Естественно, она не писала и не звонила! Не мешать же дочери устраивать личную жизнь, тем более, что убежала она к парню, по которому с ума сходит и тоскует уже месяц. И с каждым днём эта тоска всё явственнее прорисовывалась на её лице: тёмные круги под глазами, опущенные уголки губ, на которых раньше, как приклеенная, висела сияющая улыбка, минимум косметики (это женщине как раз нравилось, а вот то, что дочь не хочет особо уделять время красоте – совсем нет).
Да, её Ксюнечка хорохорилась, делала вид, что всё хорошо, но мамино сердце не обманешь.
И сейчас, когда лицо дочери светится от счастья, и мать счастлива, с ней и за неё. И желает лишь одного – чтобы это счастье в глазах дочери не пропадало ни на мгновение.
– Более чем, мамуль. Идём только на кухню, ладно? Есть хочу, не могу.
– А чего это вы в кафе не сходили? – голос мамы звучит подозрительно, но не недовольно. Просто интересуется.
– Ему, оказывается, сегодня на работу надо, – Ксюша отвечала, вовсю гремя кастрюлями, хлопая холодильником и передвигая стулья. – Ма, садись. Будешь со мной?
– Иди лучше ты садись и рассказывай, я сама положу, – проявила нетерпение женщина и легонько приобняла дочь за плечи, подталкивая к столу. – Начинай, не трави душу, сил уже нет ждать. Он рад был тебя видеть? Вёл себя как полагается хорошо воспитанному молодому человеку? Доня, не молчи.

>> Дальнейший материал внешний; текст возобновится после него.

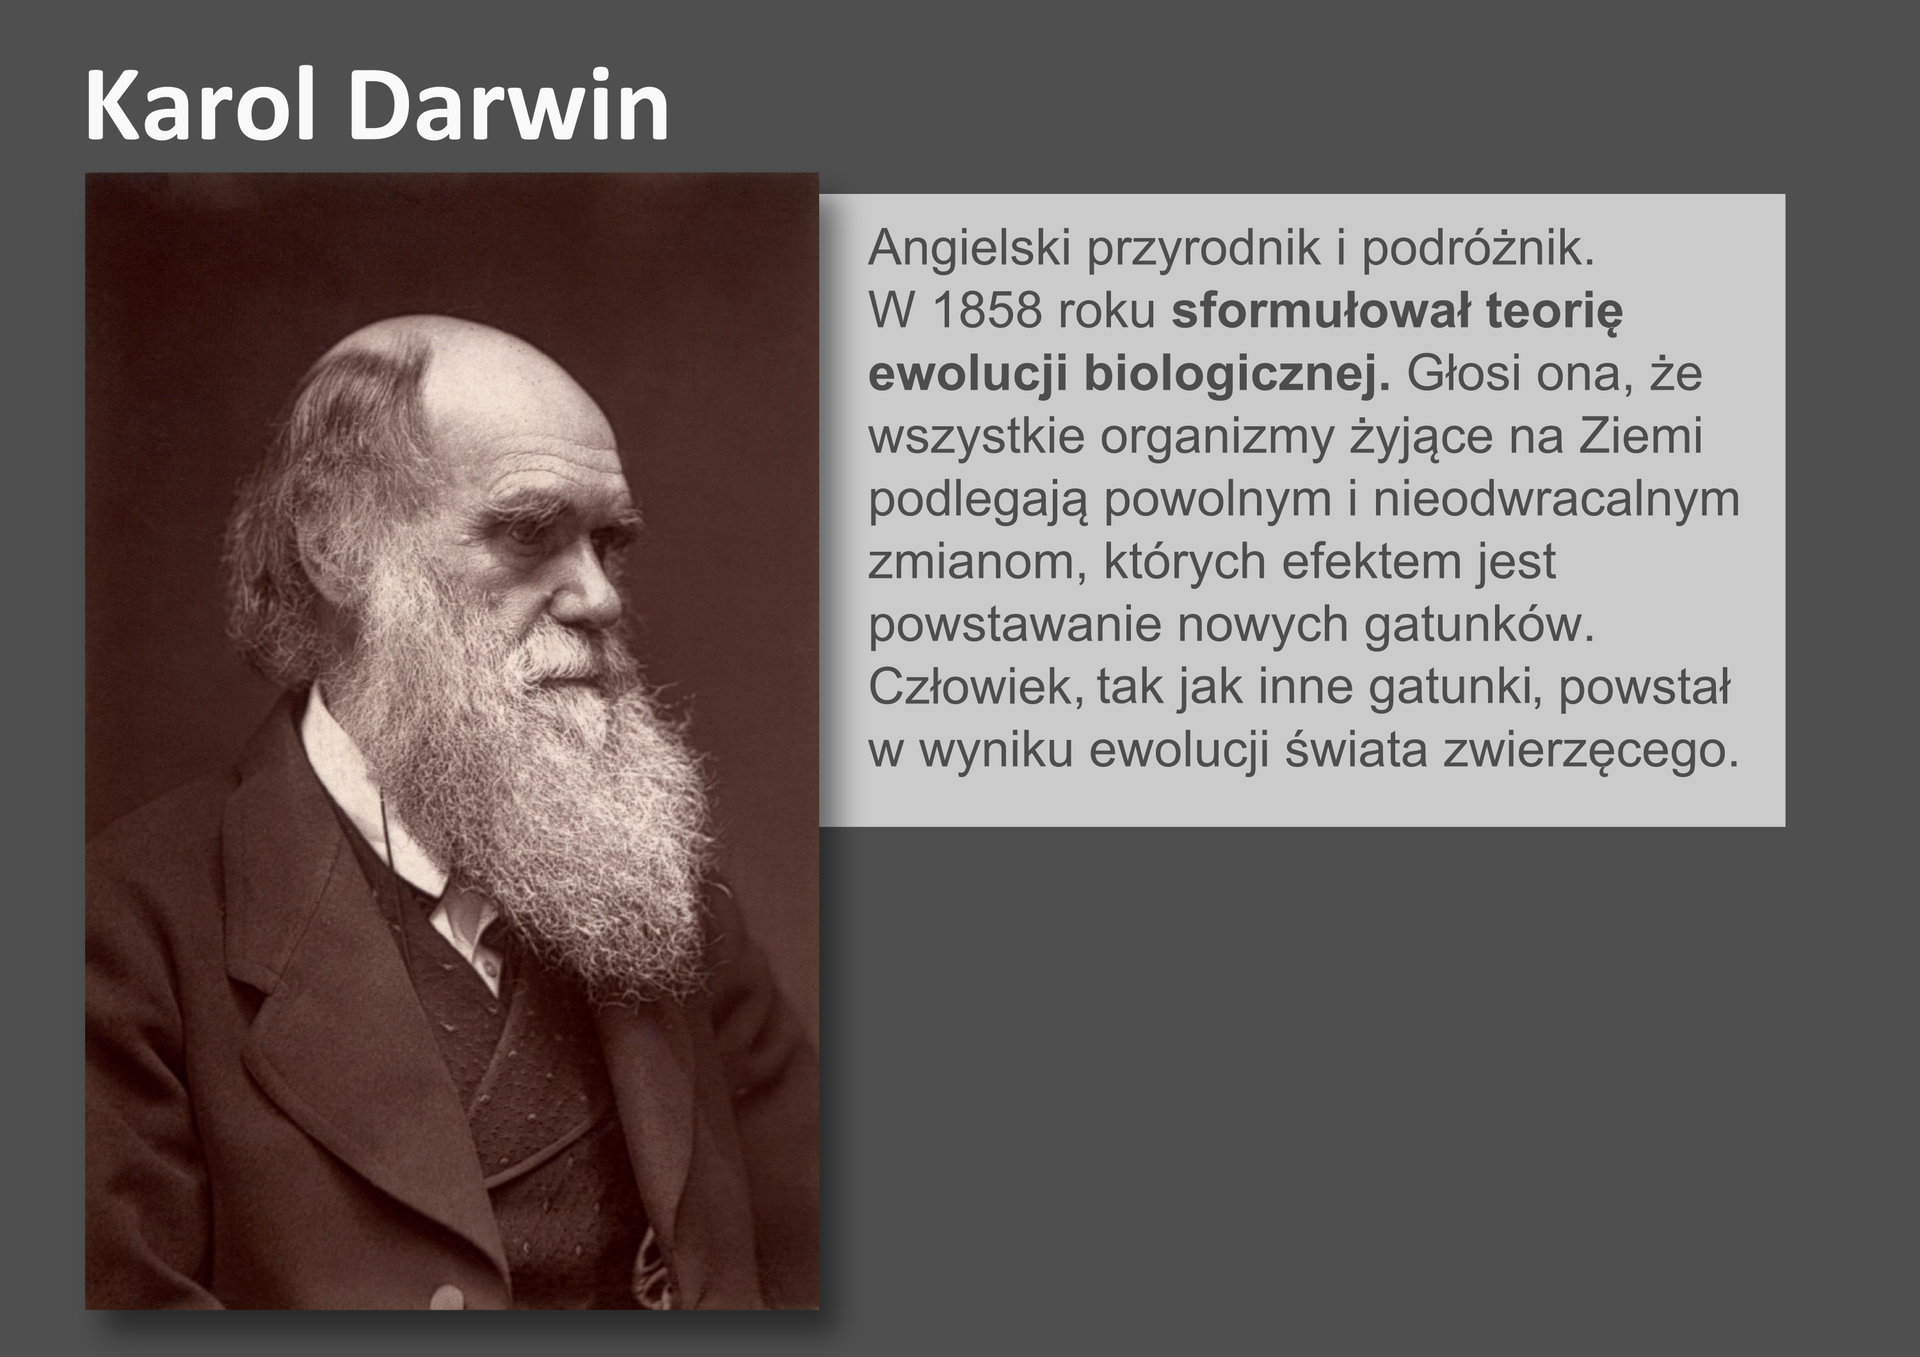 Galeria przedstawia pionierów nauk przyrodniczych. Składa się z dziewięciu slajdów w postaci ilustracji i umieszczonego obok opisu. Ilustracje pojawiają się kolejno, kiedy klika się w strzałki, znajdujące się po prawej i lewej stronie ilustracji. Szósty slajd przedstawia czarno – białą fotografię Karola Darwina, angielskiego przyrodnika z dziewiętnastego wieku. Darwin ubrany jest w surdut, kamizelkę i białą koszulę. Na tym zdjęciu ma łysinę, resztki siwych włosów i długą, siwą brodę. W 1858 roku Darwin ogłosił teorię ewolucji biologicznej, w której znalazł się pogląd, że człowiek tak jak inne gatunki powstał w drodze ewolucji świata zwierzęcego.

Девушка улыбнулась. Мамино детство прошло в Краснодарском крае, и хоть она давно там не была, иногда какие–нибудь непривычные Ксюше словечки проскакивали в мамином лексиконе. А уж «доня», «донечка» так вообще всегда употреблялись при сильном волнении и со временем стали привычными и родными. «Доней» Ксюше быть нравилось. Это звучало мило и тепло, ей даже казалось, что Юлька немного завидует этому её прозвищу, такое оно классное.
– Мамуль, ну что я тебе могу рассказать? У меня пока то самое: нет слов – одни эмоции. Мы прогулялись по Арбату, дошли до большого фонтана на набережной, там была тьма–тьмущая народу, поэтому мы пошли налево…
– Ты хочешь сказать, что вы сидели у меня под носом? – особо гадать не приходилось, куда пошла парочка. – А я даже не выглянула в окно! Могла бы хоть смс скинуть! У нас же где–то валяется бинокль. Где он, кстати?
– Мне было не до смс, мамуль. Да и целоваться под контролем мамы, знаешь ли, не совсем комфортно, – Ксюша не выдержала и захихикала.
Наталья Романовна Москалёва смотрела на свою собственную дочь и просто не могла поверить, что вырастила столь жестокую, не думающую о чувствах родной матери, эгоистку, о чём тут же сообщила с патетикой, достойной сцены Большого театра. Заметив, что речь её не возымела ровным счётом никакого действия на привыкшую к театральщине Ксюшу, обозвала ту бесчувственной и чёрствой, не сбавляя оборотов. И снова не сработало.
– Ладно, Извергиня Андреевна, давай быстро всё рассказывай матери. Как на духу! А то начала тут с сотворения мира, а мамины нервы беречь – это никак. Итак, ты разобралась, как он к тебе относится? Мне уже учиться печь блины, чтобы быть идеальной тёщей, или можно ещё пофилонить?
– Ой, что их там печь? – Ксюша скривила лицо. – Кстати, он считает, что все женщины обязаны любить готовить.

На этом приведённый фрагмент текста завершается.